On Sun, 10 Jun 2012 12:33:59 -0400
Rich Felker <dalias@...ifal.cx> wrote:

> On Sun, Jun 10, 2012 at 11:51:25PM +0800, orc wrote:
> > > I don't think you're getting the issue at hand. Suppose you want
> > > to be able to automatically bring down a particular daemon --
> > > perhaps to restart it with completely new configuration or to
> > > switch to a new version of it. This could happen as part of an
> > > automated upgrade process or under manual admin control.
> > 
> > 'Automated' often becomes the source of problems, if this automated
> > subsystem is not engineered properly. If we want daemon that will be
> > responsible for other's daemons status and it will start and stop
> > them automatically based on the admin's decision than it must be
> > well-engineered and tested in many types of situations first.
> 
> Without "automated", how do you intend for non-technical users to
> upgrade important system components when their old version has a
> critical vulnerability? Even if the system has a technically qualified
> admin, nobody wants to go manually upgrading/restarting daemons on
> tens, hundreds, or thousands of boxes...

Okay, this will be sufficient for end users.

> At least with pid files, you know the pid you kill _at one time_
> belonged to the daemon you wanted to kill. With pkill, you'll pick up
> completely independent instances of the same program binary.

Aw. Missed this important about pkill/killall. Thanks, my fault.
* me really said some stupid things there.

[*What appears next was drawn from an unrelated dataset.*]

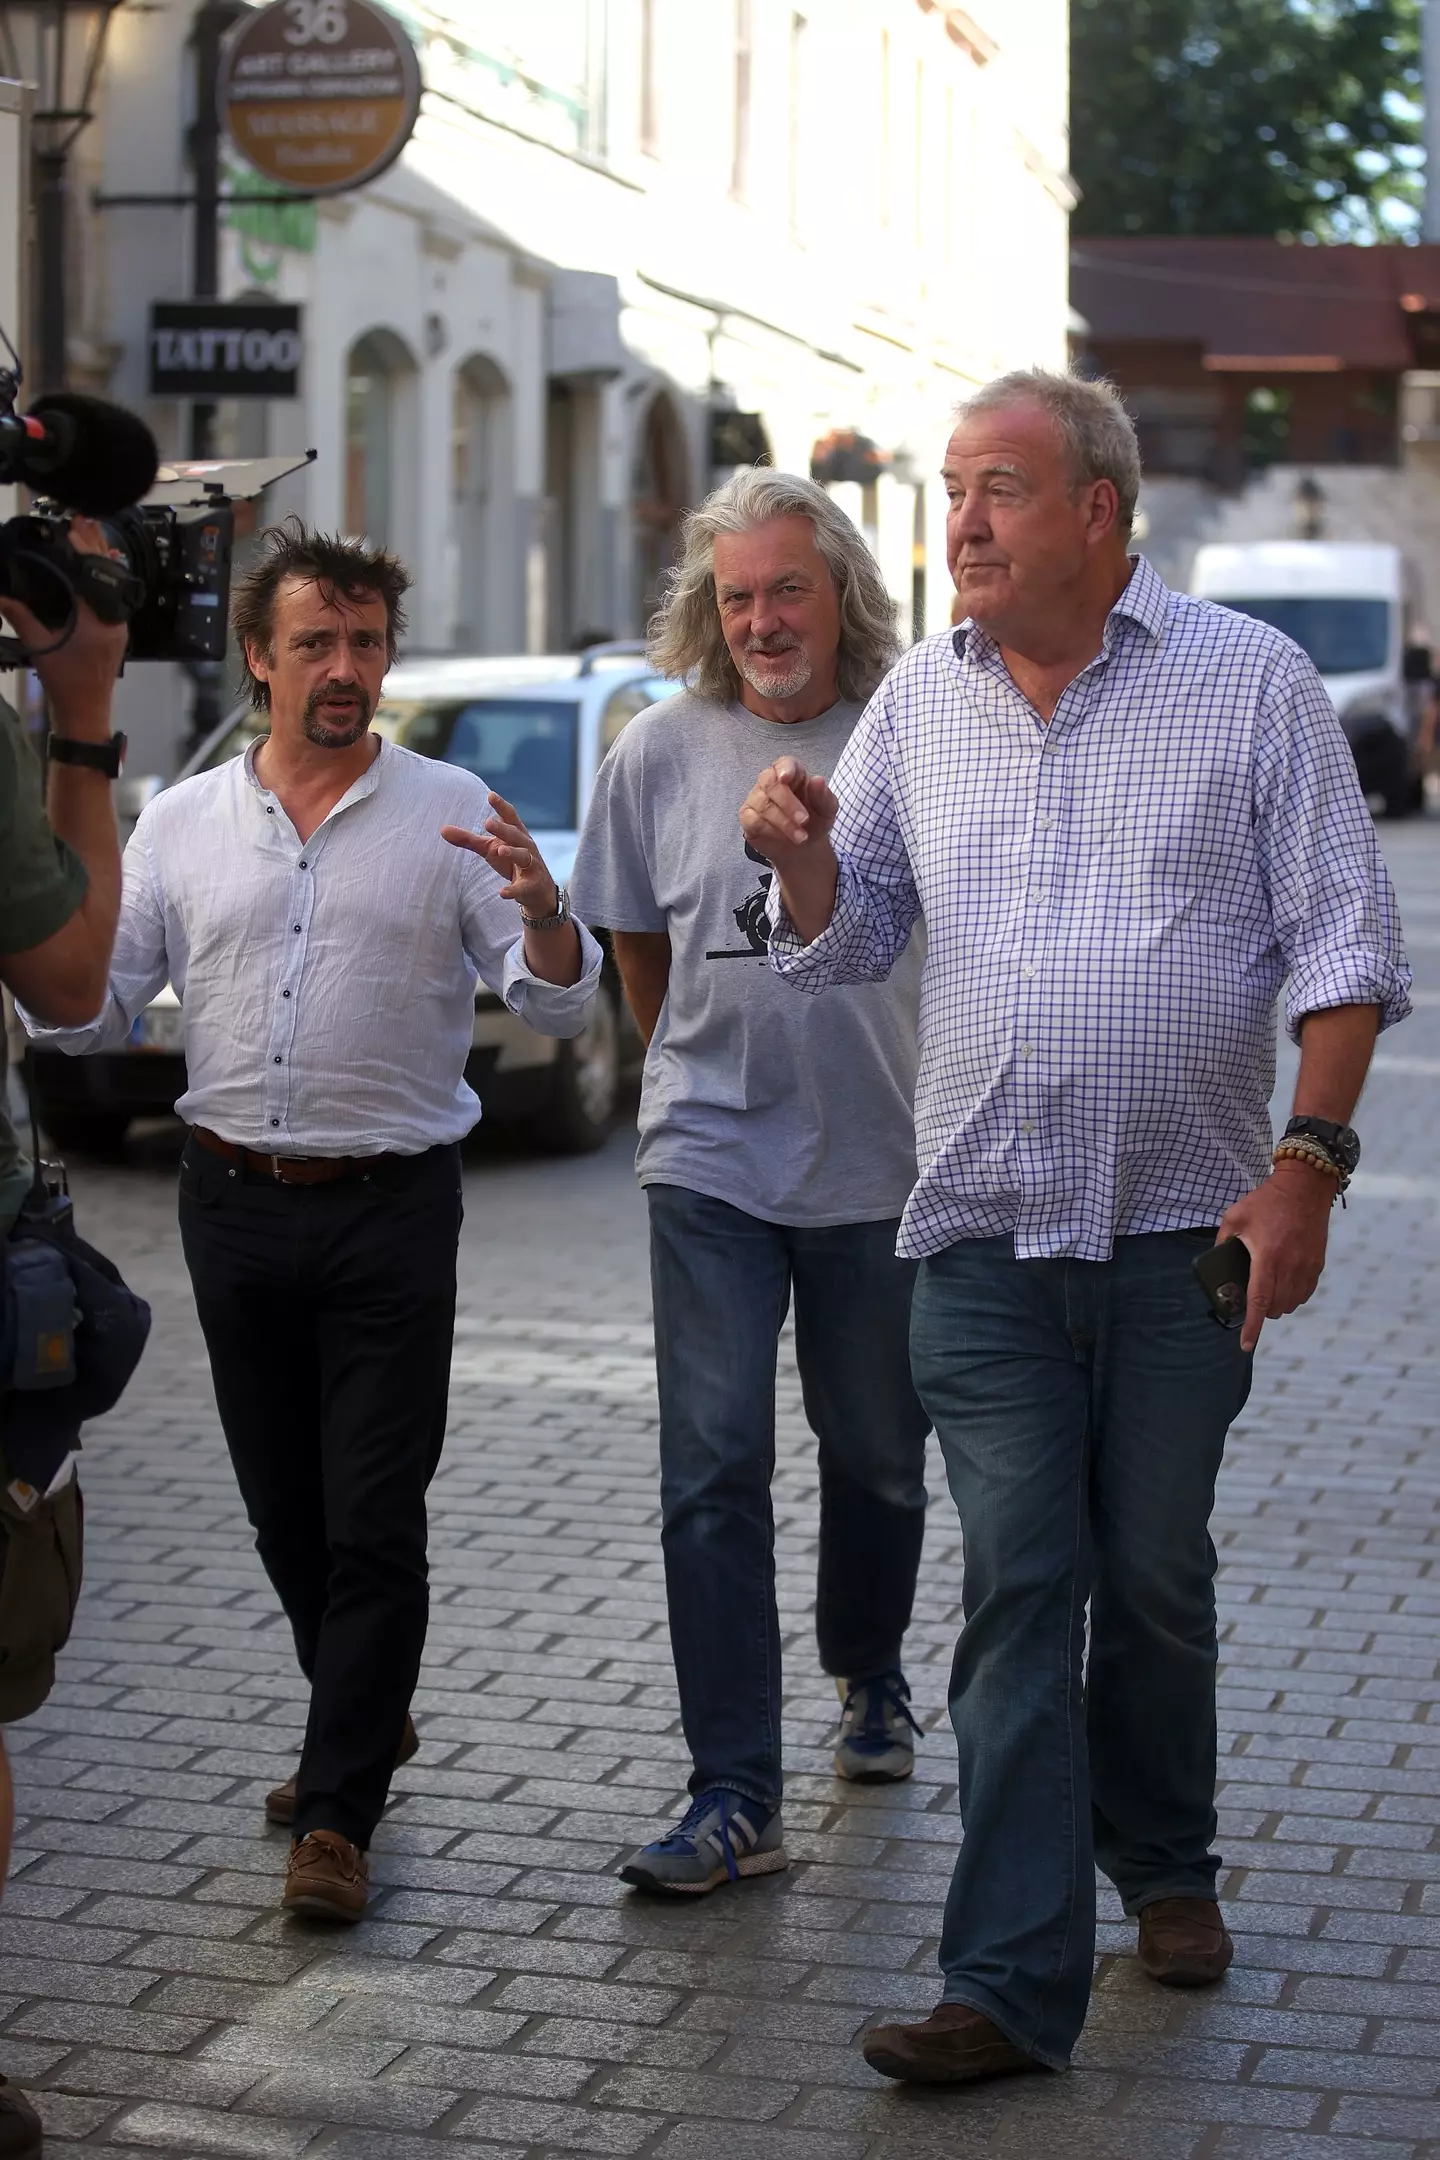 May with Top Gear and Grand Tour co-hosts Richard Hammond and Jeremy Clarkson. (Vito Corleone/SOPA Images/LightRocket via Getty Images)

> 1. On a hobbyist or fully self-maintained system where you're willing
> to manually do all the work of upgrading/restarting things, or on
> certain embedded systems where reboot-on-upgrade is acceptable or
> where you're sure you won't need security updates (because the system
> does not interact with potentially-dangerous inputs), just start all
> the daemons from your init script with no management and be done with
> it. Components should not be designed in ways that _preclude_ this
> ultra-simple setup.
> 
> 2. On everything else, use your choice of robust daemon management
> tool that starts daemons as direct children and therefore can observe
> their death and/or intentionally kill them without any race
> conditions.

But with pushing something new we should really understand that it will
not become a second 'systemd'.
Thank you very much for explanation.